Herein, relational terms such as first and second and the like are used merely to an entity or operation and another Entity or operation distinguish, and without necessarily requiring or implying between these entities or operation, there are any this actual passes System or sequence.It not only include those elements moreover, the terms "include", "comprise", but also its including being not explicitly listed His element, or further include for elements inherent to such a process, method, article, or device.What is do not limited more In the case of, the element that is limited by sentence " including ... ", it is not excluded that include the process, method of the element, article or There is also other identical elements in equipment.

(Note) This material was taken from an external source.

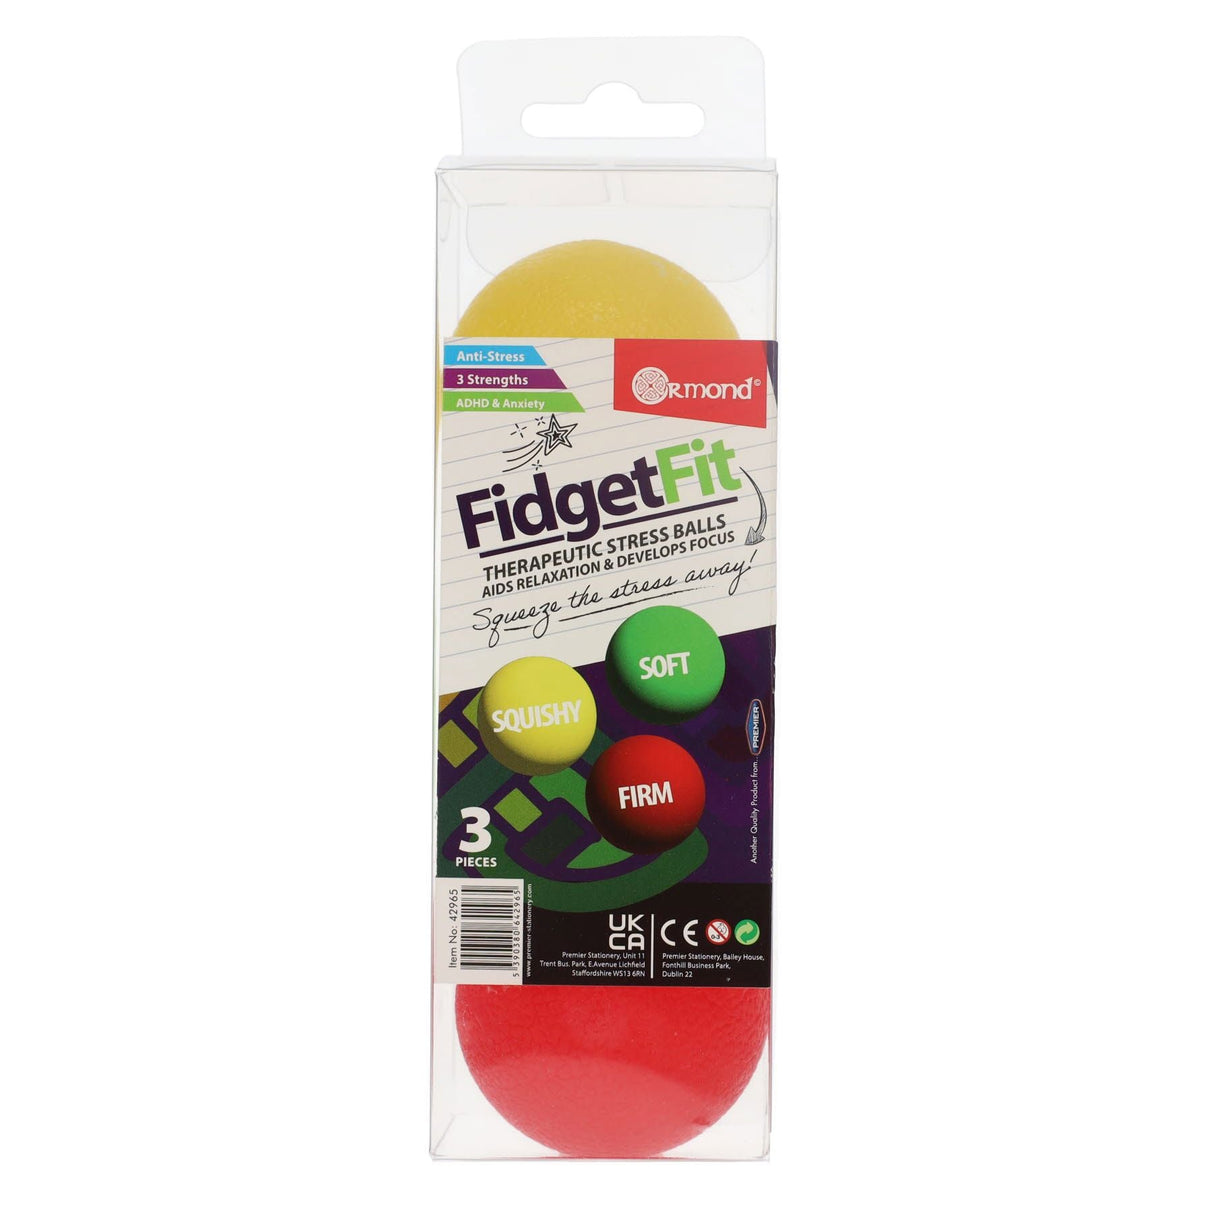 Ormond Fidget Fit Therapeutic Stress Balls - Pack of 3 | Stationery Shop UK

The apparatus embodiments described above are merely exemplary, wherein the unit as illustrated by the separation member can be Or may not be and be physically separated, component shown as a unit may or may not be physical unit, i.e., It can be located in one place, or may be distributed over multiple network units.It can select according to the actual needs therein Some or all of the modules achieves the purpose of the solution of this embodiment.Those of ordinary skill in the art are not paying creative labor In the case where dynamic, it can understand and implement.

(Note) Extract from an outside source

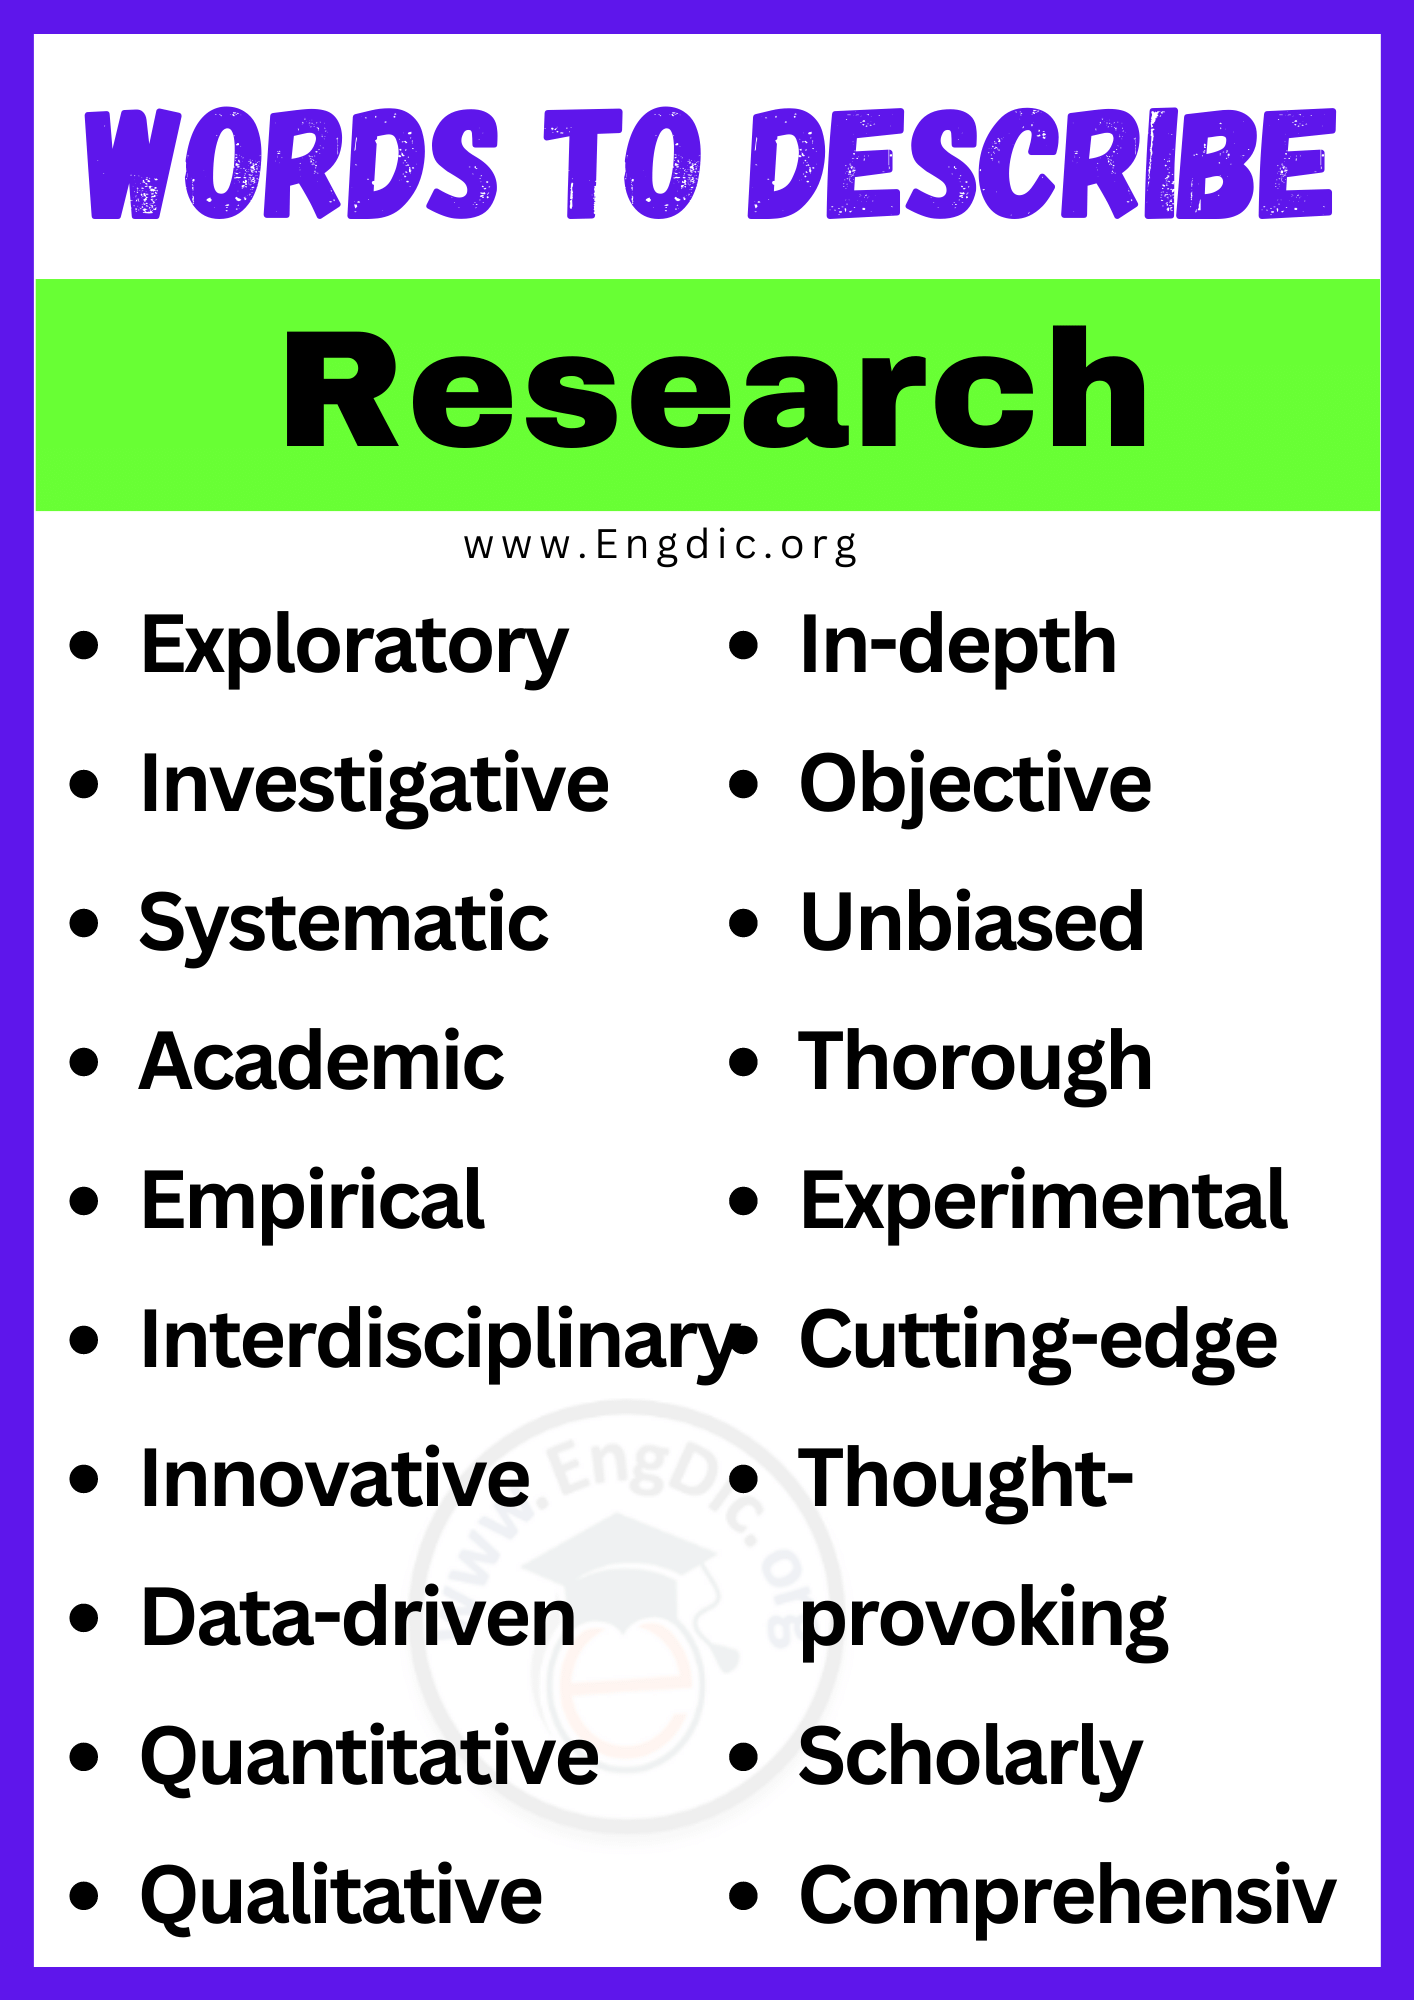 Words to Describe Research

Through the above description of the embodiments, those skilled in the art can be understood that each embodiment can be by Software adds the mode of required general hardware platform to realize, naturally it is also possible to pass through hardware.Based on this understanding, above-mentioned skill Substantially the part that contributes to existing technology can be embodied in the form of software products art scheme in other words, the calculating Machine software product may be stored in a computer readable storage medium, such as ROM/RAM, magnetic disk, CD, including some instructions are used So that computer equipment (can be personal computer, server or the network equipment etc.) execute each embodiment or Method described in certain parts of person's embodiment.

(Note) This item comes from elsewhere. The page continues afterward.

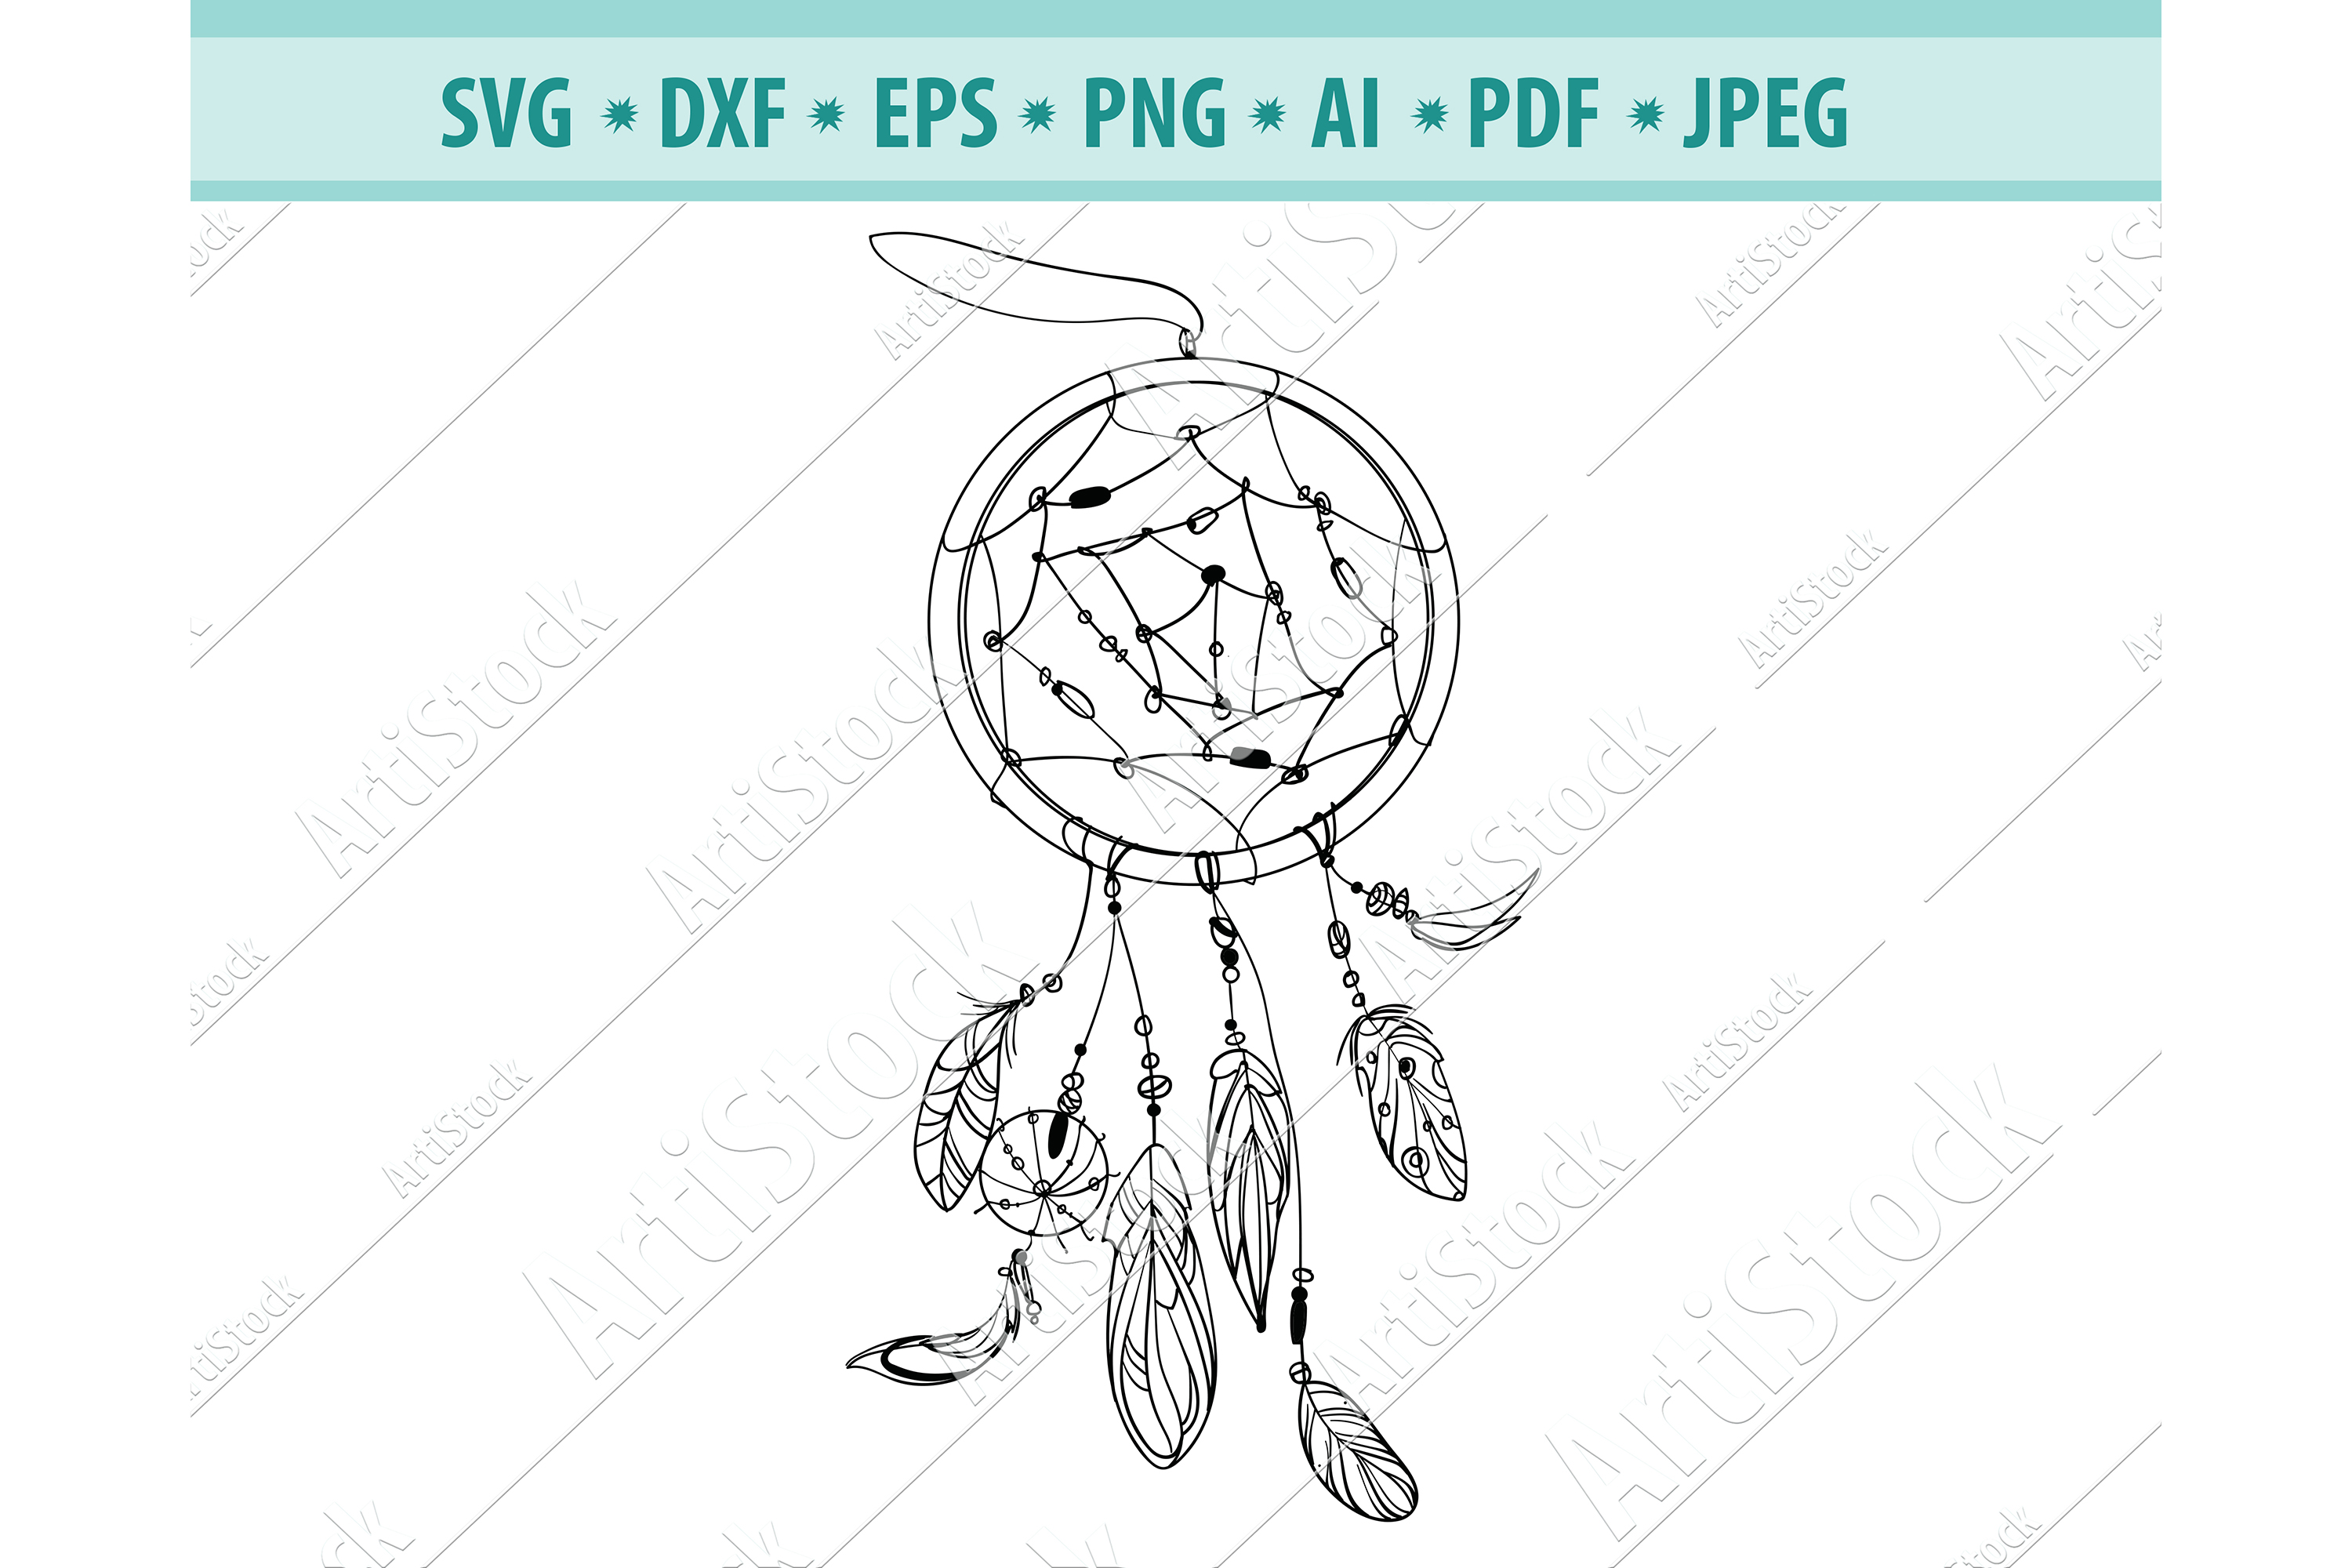 Dream Catcher Svg, Boho Feathers Vector Svg, Dxf, Png, Eps

Finally, it should be noted that the above embodiments are merely illustrative of the technical solutions of the present invention, rather than its limitations；Although reference Invention is explained in detail for previous embodiment, those skilled in the art should understand that: it still can be right Technical solution documented by foregoing embodiments is modified or equivalent replacement of some of the technical features；And this It modifies or replaces, the spirit and model of technical solution of various embodiments of the present invention that it does not separate the essence of the corresponding technical solution It encloses.

Claims

1. a kind of audio recognition method, comprising:

2. defeated in the audio frequency characteristics of each frame of the voice document that will be extracted according to the method described in claim 1, wherein Before entering into deep learning neural network, the method also includes:

3. according to the method described in claim 1, wherein, the posterior probability by each frame is smoothed, really Surely the keyword for forming the dialogic voice includes:

4. according to the method described in claim 1, wherein, whether the detection keyword also wraps in default easily string vocabulary It includes:

5. a kind of speech recognition system, comprising:

6. system according to claim 5, wherein before keyword determines program module, the system also includes: mind Through network training program module, it is used for

7. system according to claim 5, wherein the keyword determines that program module is also used to:

8. system according to claim 5, wherein the easy string word detection program module is also used to:

9. a kind of electronic equipment comprising: at least one processor, and deposited with what at least one described processor communication was connect Reservoir, wherein the memory be stored with can by least one described processor execute instruction, described instruction by it is described at least One processor executes, so that at least one described processor is able to carry out the step of any one of claim 1-4 the method Suddenly.

10. a kind of storage medium, is stored thereon with computer program, which is characterized in that the realization when program is executed by processor The step of any one of claim 1-4 the method.